## What to do
Give back the lines below verbatim, omitting all pictures.

## Source material

---

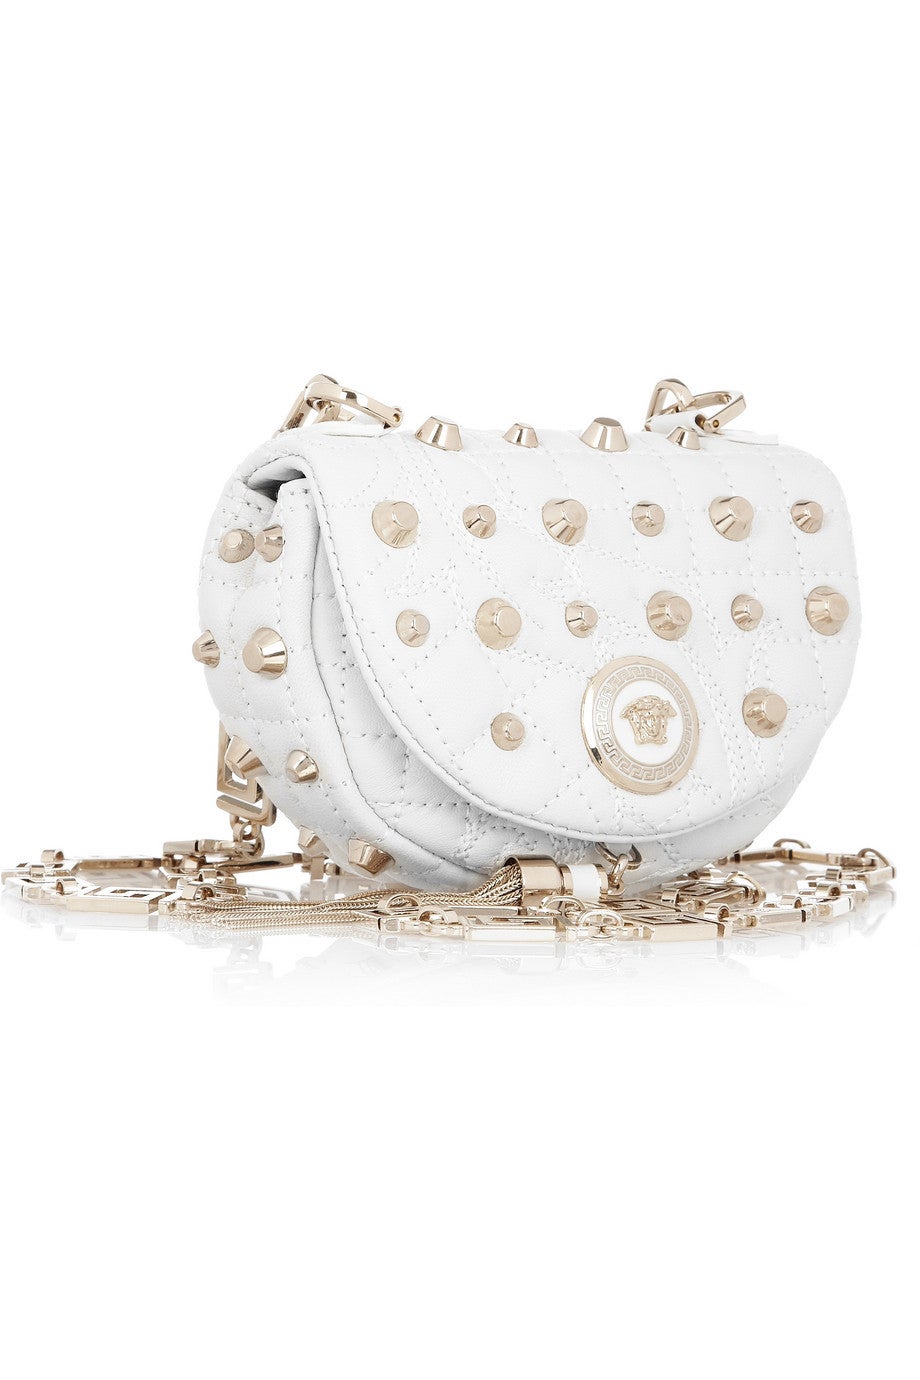 VERSACE

Unmistakably Versace, this compact studded shoulder bag packs a glamorous punch. 

Embellished with the brand’s signature gold plaque, this high-octane style is ideal for dancing the night away hands-free. Or wear the strap like a

---

## Written answer
 VERSACE

Unmistakably Versace, this compact studded shoulder bag packs a glamorous punch. 

Embellished with the brand’s signature gold plaque, this high-octane style is ideal for dancing the night away hands-free. Or wear the strap like a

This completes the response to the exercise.